### Provided material
□ □ □ □

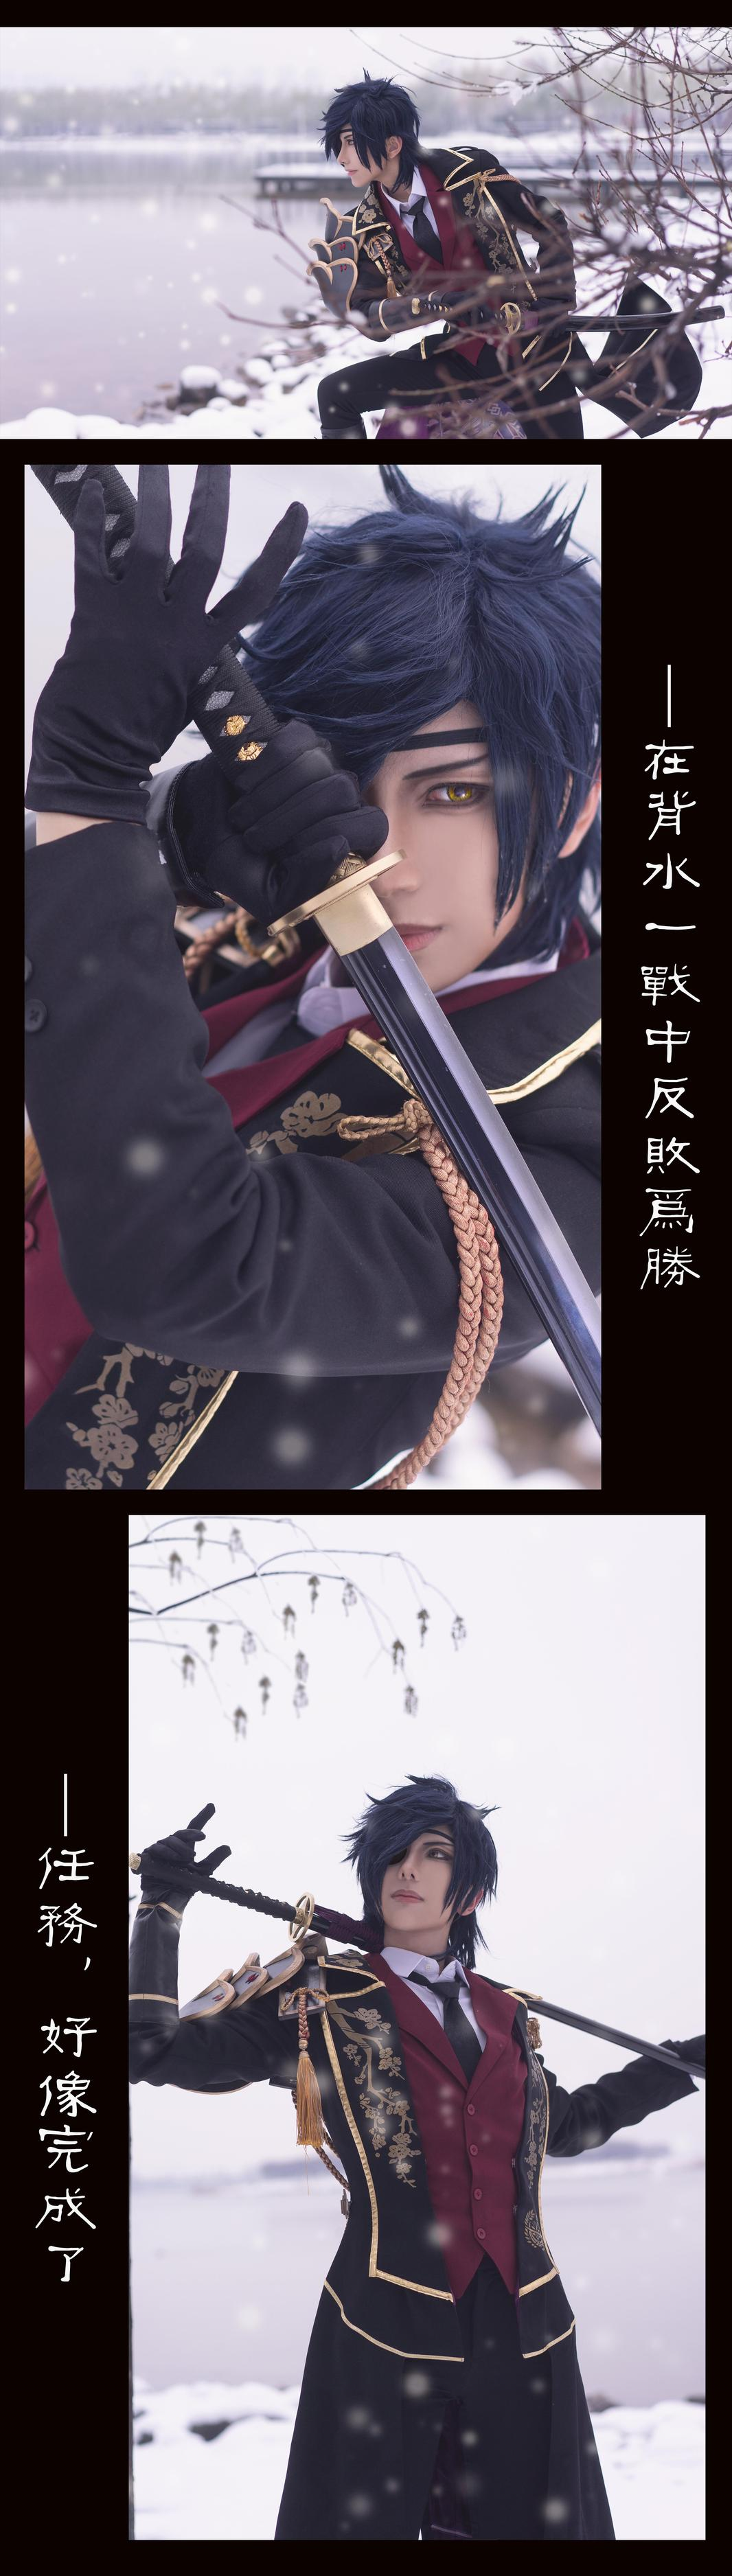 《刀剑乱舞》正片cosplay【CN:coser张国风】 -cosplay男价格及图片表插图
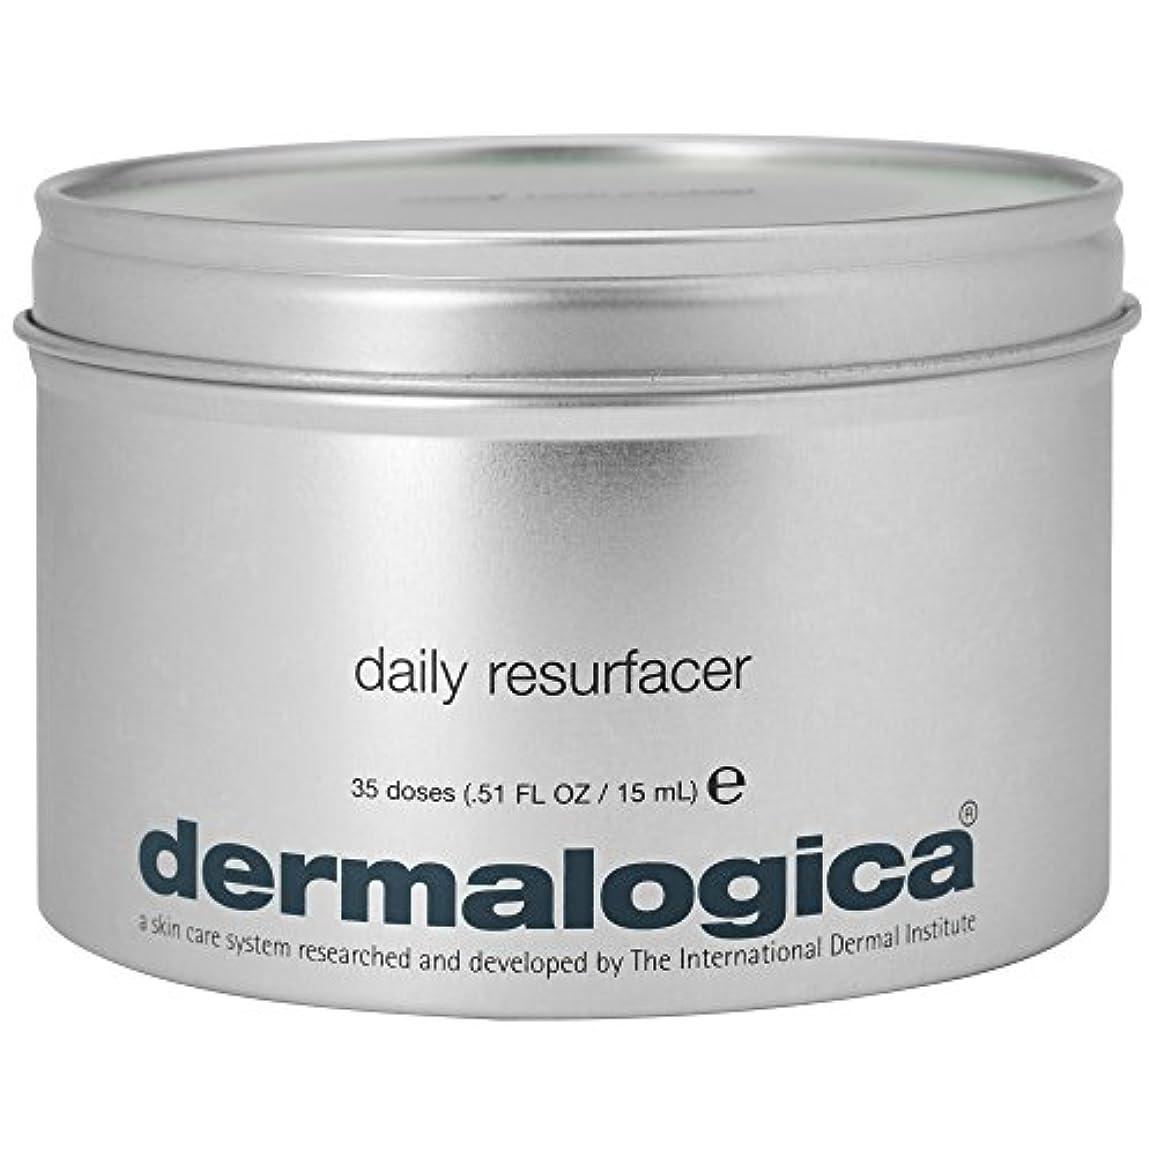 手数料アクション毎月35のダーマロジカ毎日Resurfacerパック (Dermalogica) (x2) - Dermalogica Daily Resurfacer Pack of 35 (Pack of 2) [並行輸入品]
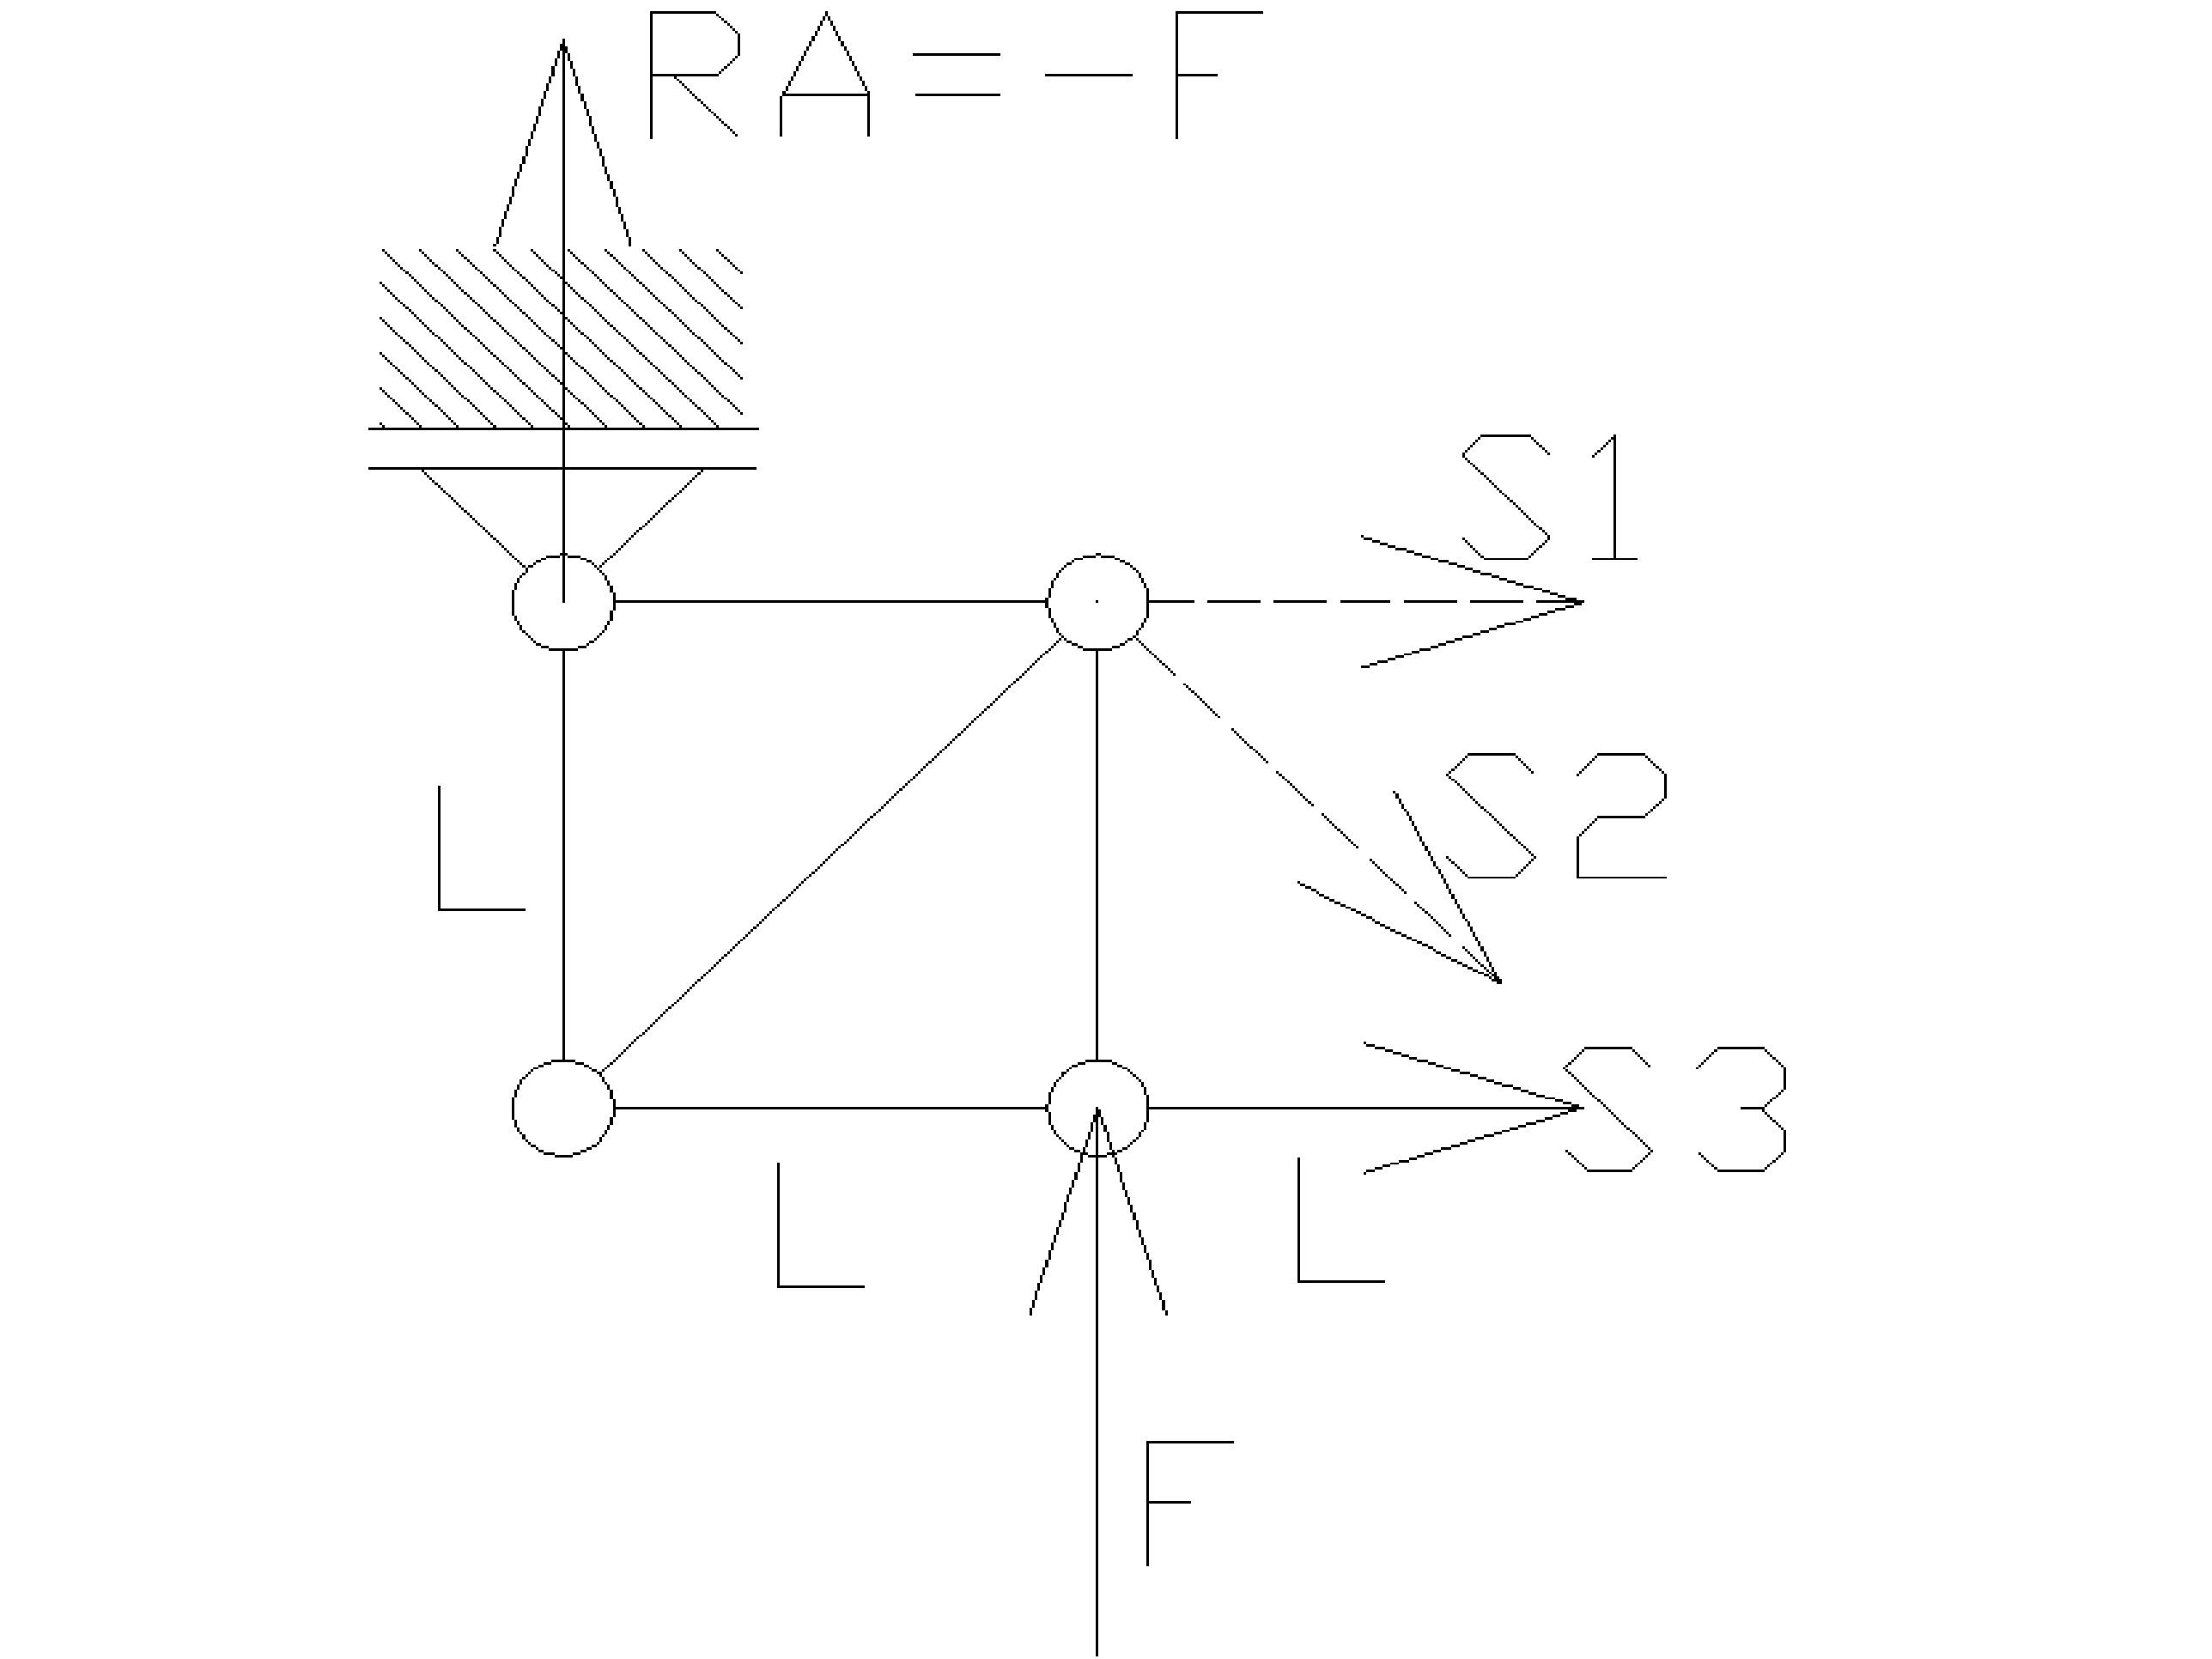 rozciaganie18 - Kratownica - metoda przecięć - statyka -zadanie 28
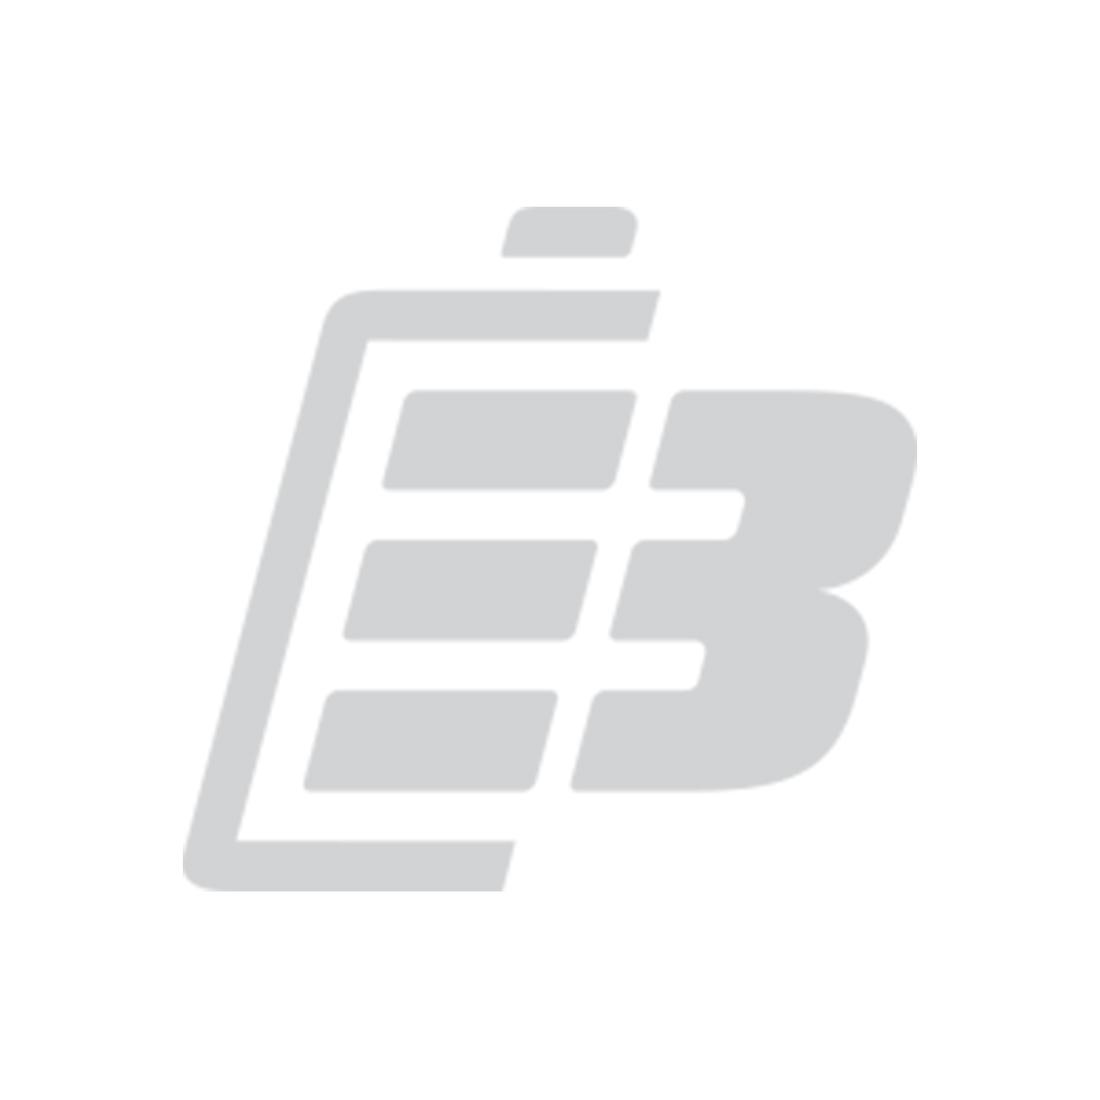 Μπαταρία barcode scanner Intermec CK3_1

□ □ □ □

### Exercise
Without including a single picture, restate all of the data word for word.

### Result below
 《刀剑乱舞》正片cosplay【CN:coser张国风】 -cosplay男价格及图片表插图
 手数料アクション毎月35のダーマロジカ毎日Resurfacerパック (Dermalogica) (x2) - Dermalogica Daily Resurfacer Pack of 35 (Pack of 2) [並行輸入品]
 rozciaganie18 - Kratownica - metoda przecięć - statyka -zadanie 28
 Μπαταρία barcode scanner Intermec CK3_1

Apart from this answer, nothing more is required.